**What the task asks**. Reproduce the lines of the material exactly, excluding every image.

**Information**.
______

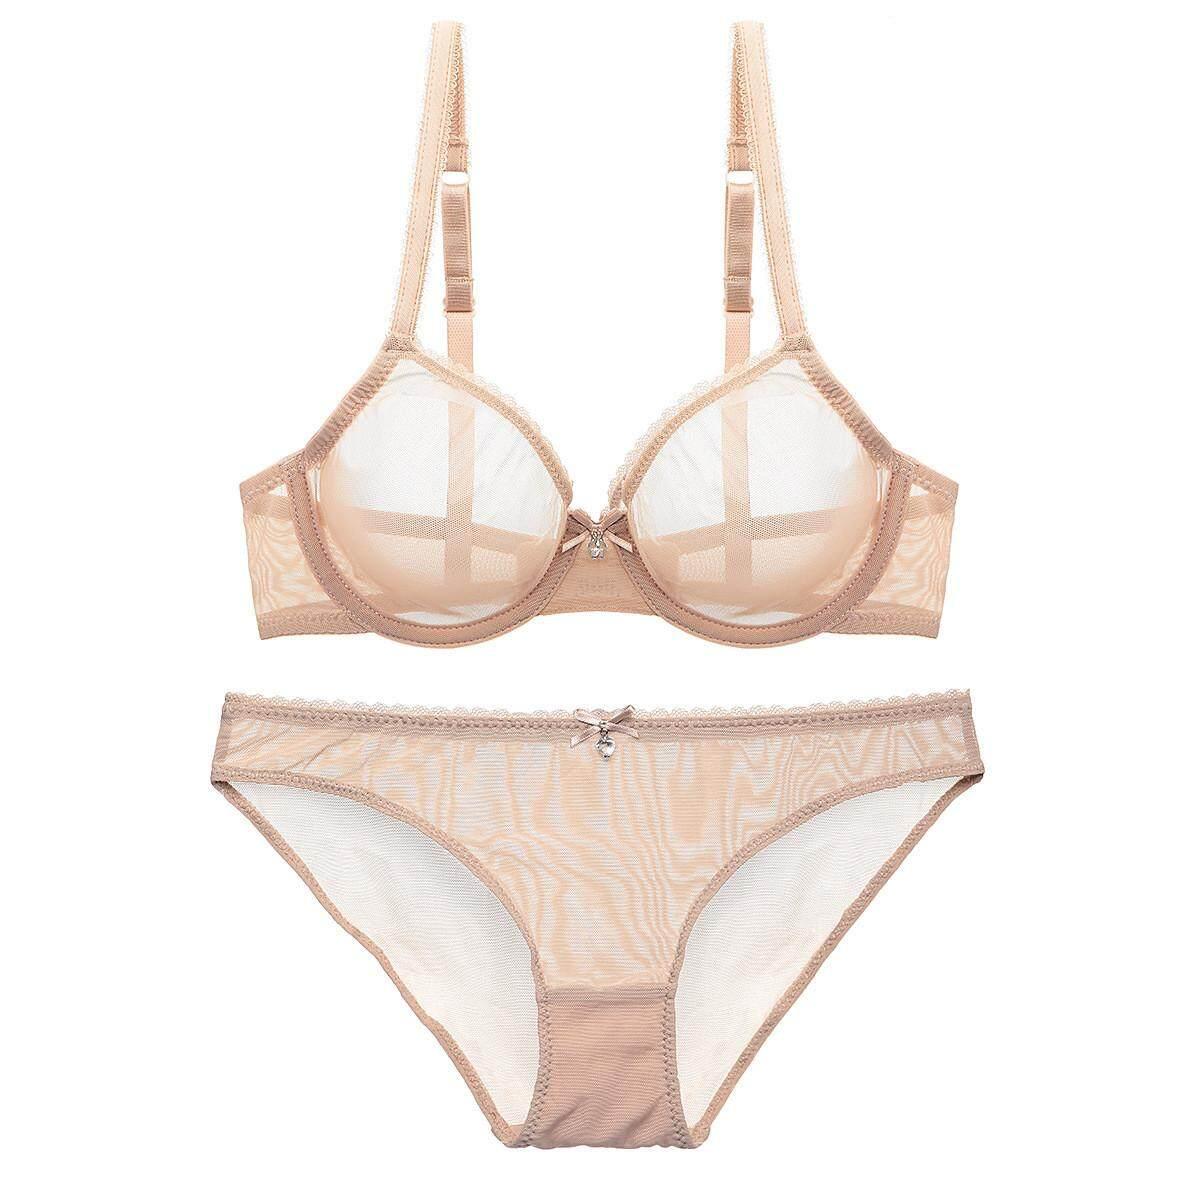 7873134925 2019 GG Appealing Women Sexy Bra Panty Set Underwear Intimates Lace Lingerie
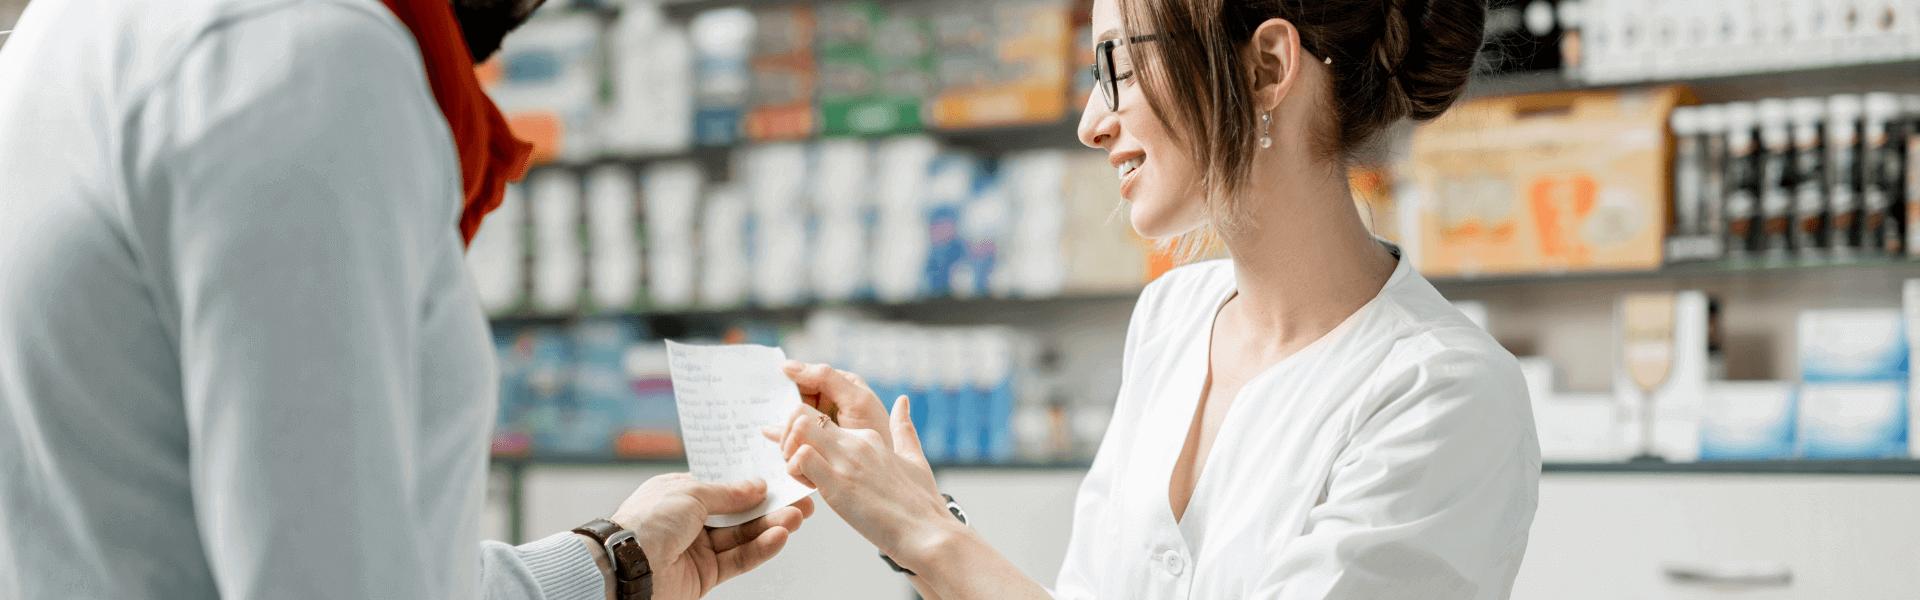 Curso auxiliar farmacia online
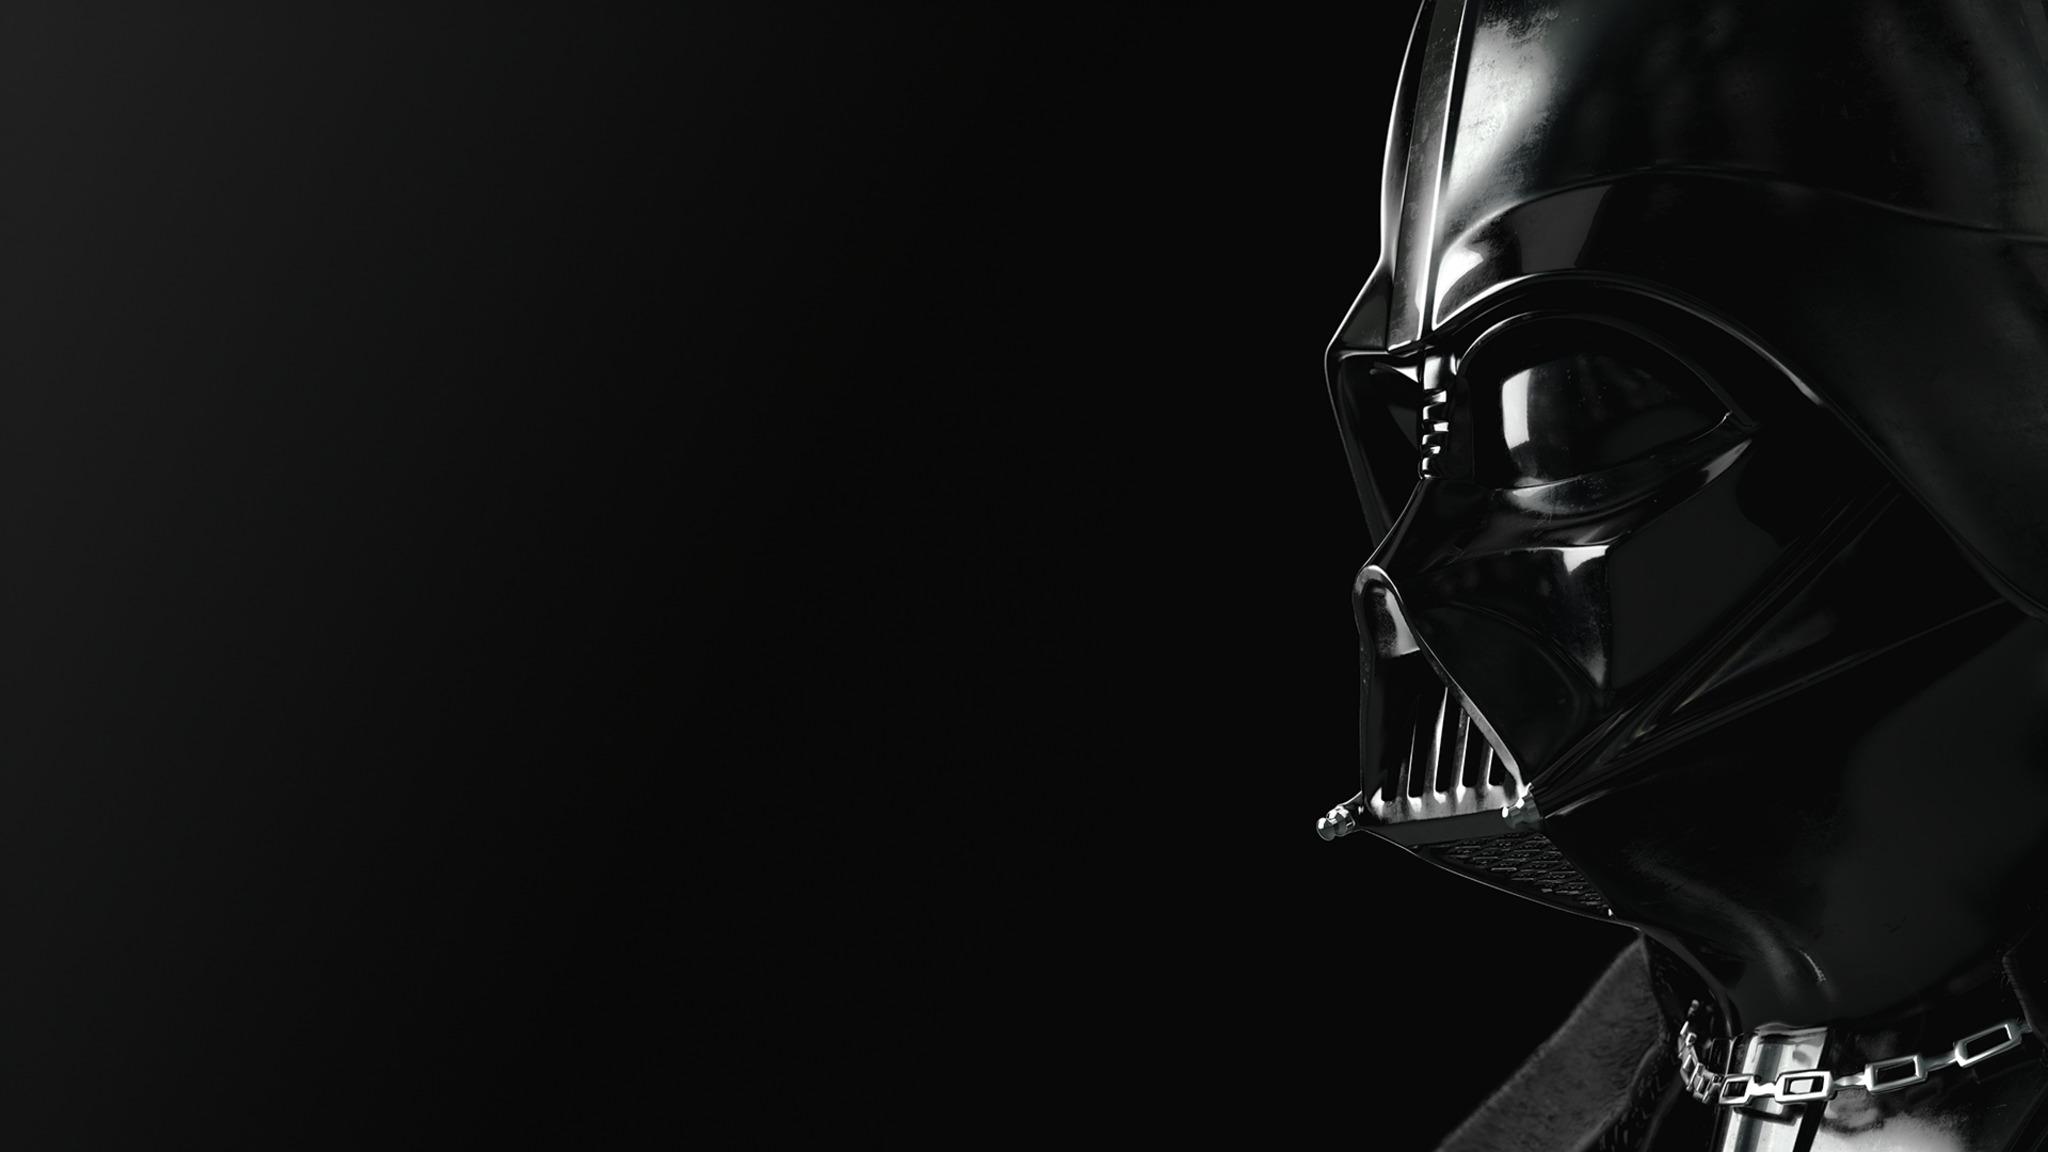 2048x1152 Star Wars Episode Vii The Force Awakens 2048x1152
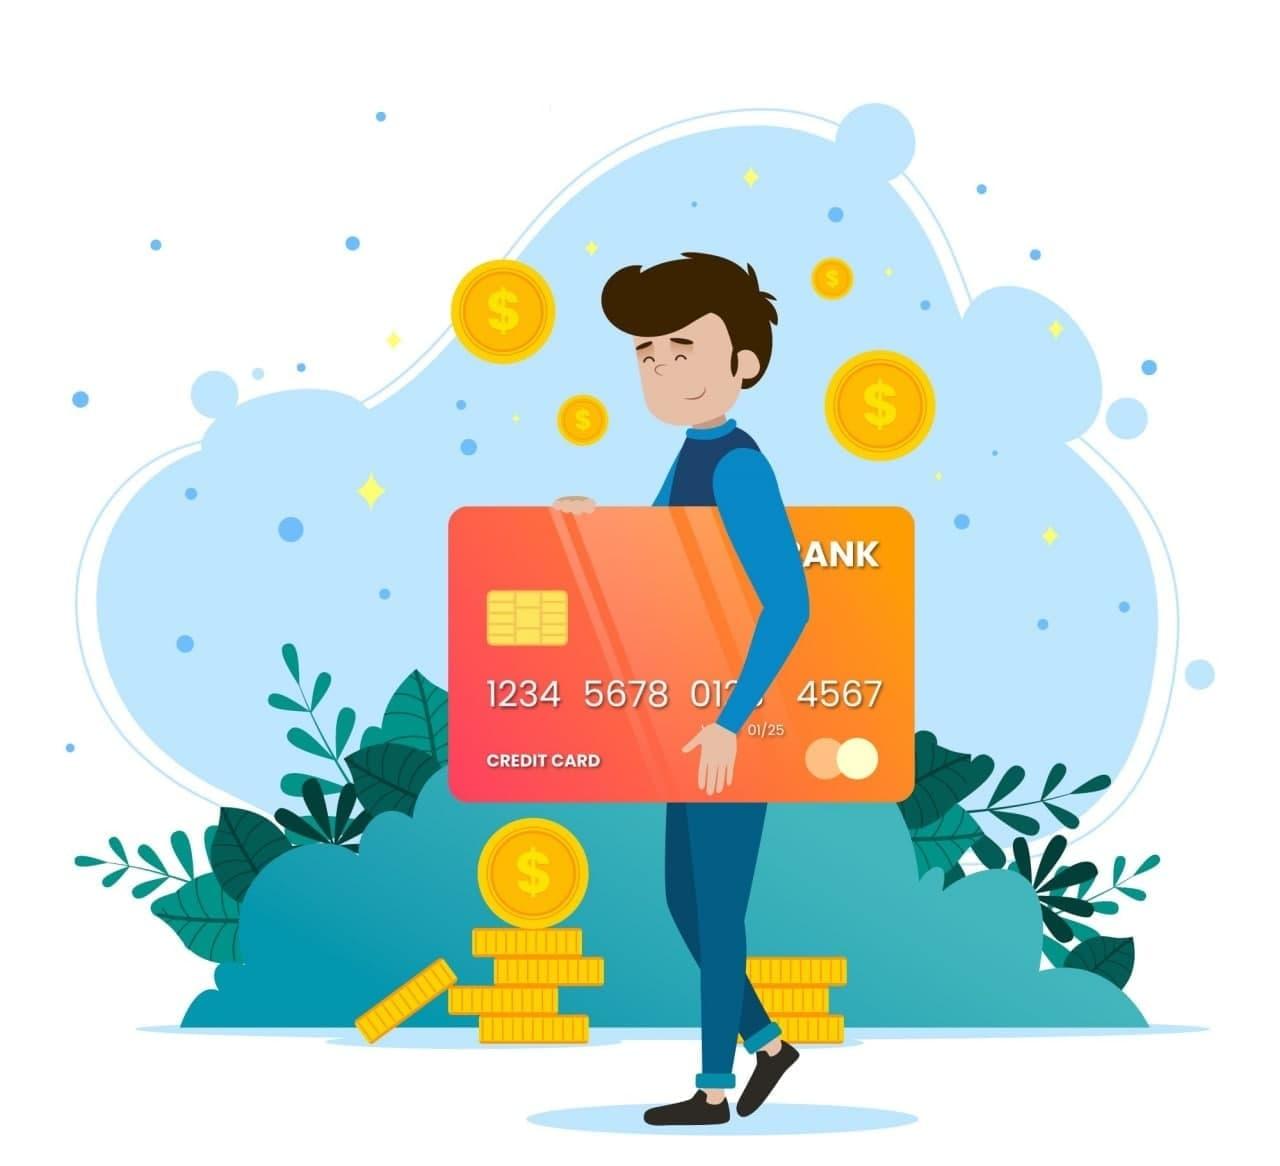 Credit Card Behind Credit
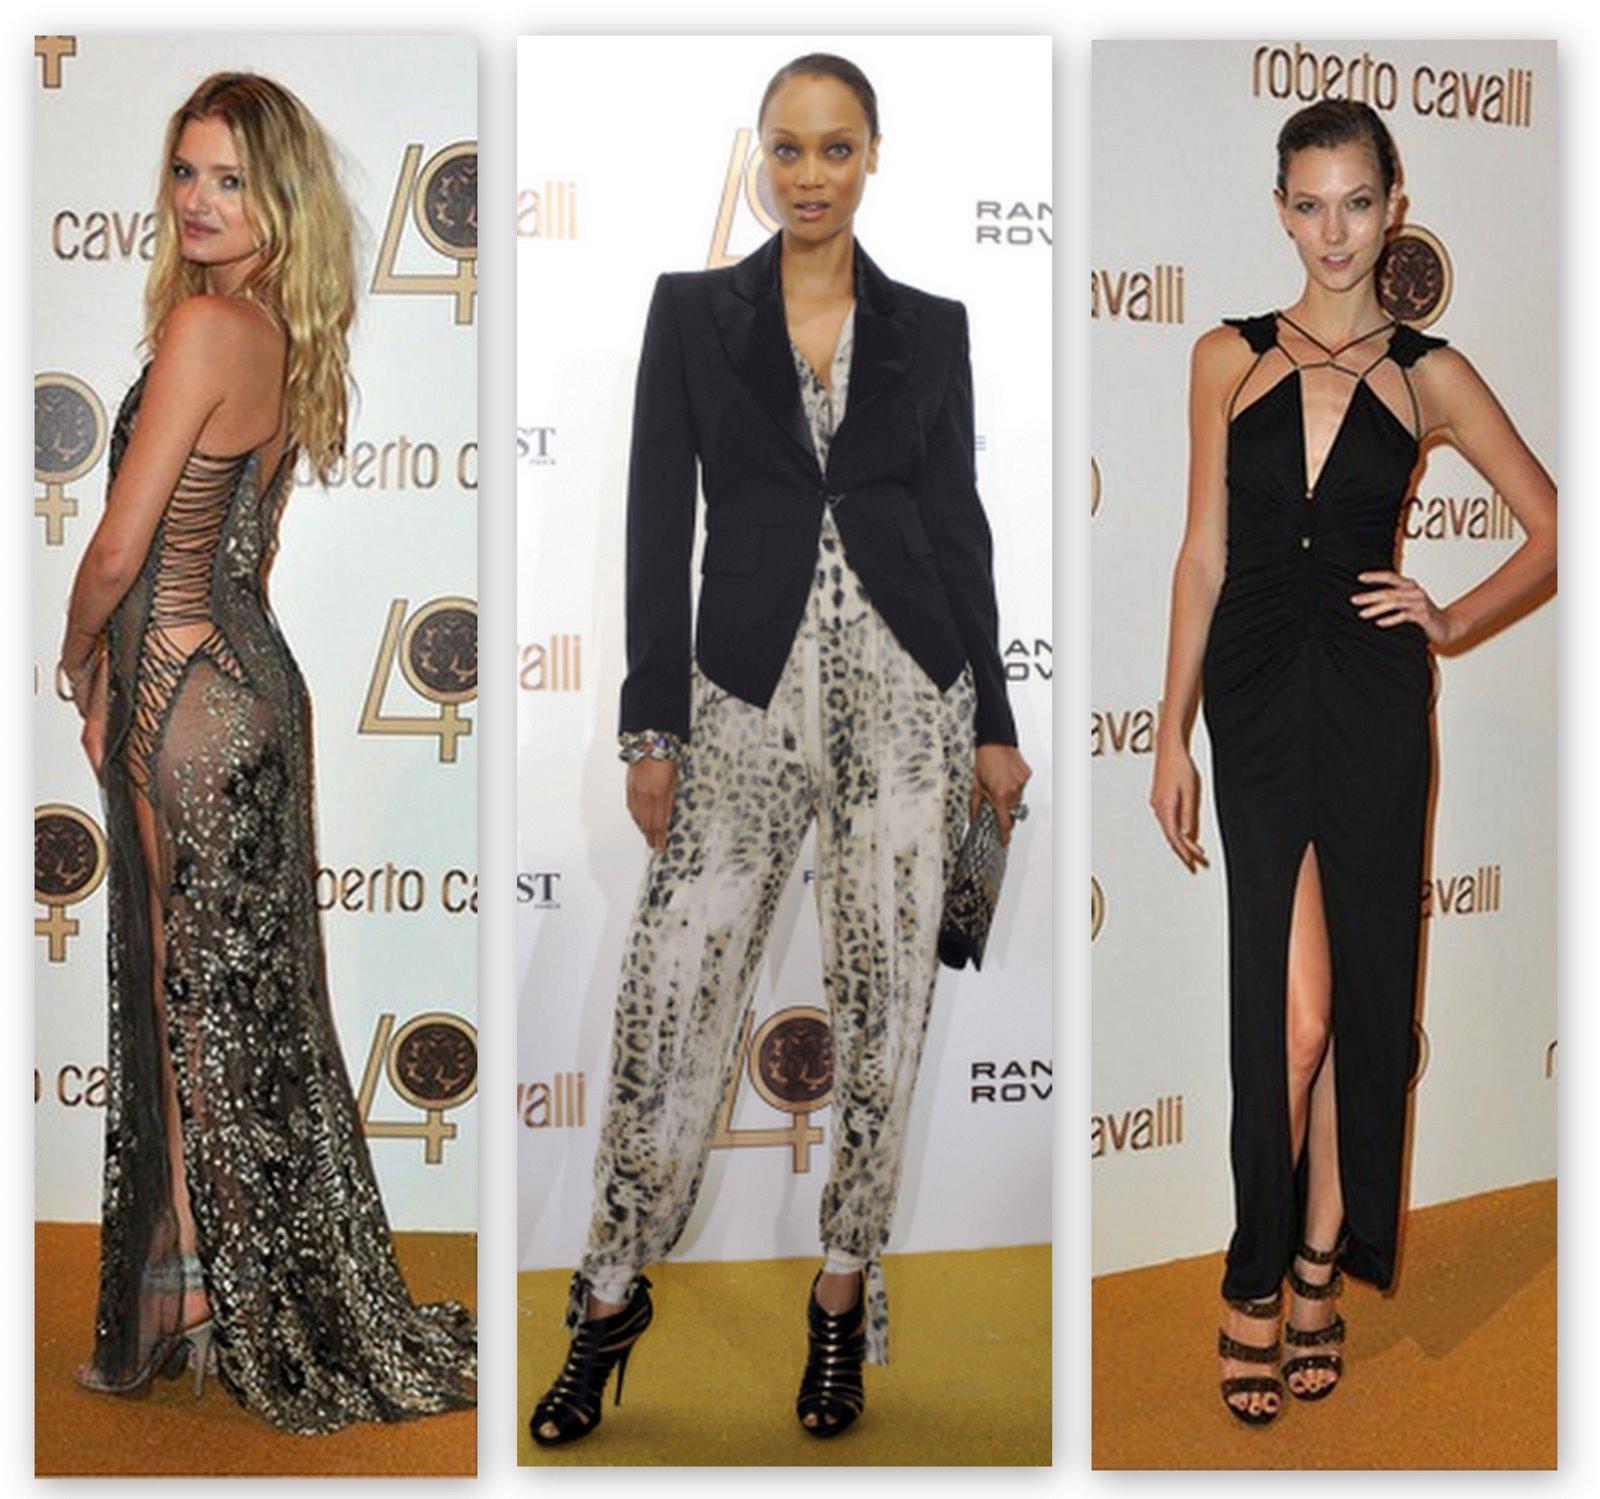 http://2.bp.blogspot.com/_xC9ozoZm8n4/TKgIJsd5STI/AAAAAAAABf4/d18GitVMMgk/s1600/The+Fashion+dealer+40th+anniversary+party+leona+lewish+roberto+cavalli+tyra+banks.jpg

______

**Result of this task**.
 7873134925 2019 GG Appealing Women Sexy Bra Panty Set Underwear Intimates Lace Lingerie
 Curso auxiliar farmacia online
 2048x1152 Star Wars Episode Vii The Force Awakens 2048x1152
 Credit Card Behind Credit
 http://2.bp.blogspot.com/_xC9ozoZm8n4/TKgIJsd5STI/AAAAAAAABf4/d18GitVMMgk/s1600/The+Fashion+dealer+40th+anniversary+party+leona+lewish+roberto+cavalli+tyra+banks.jpg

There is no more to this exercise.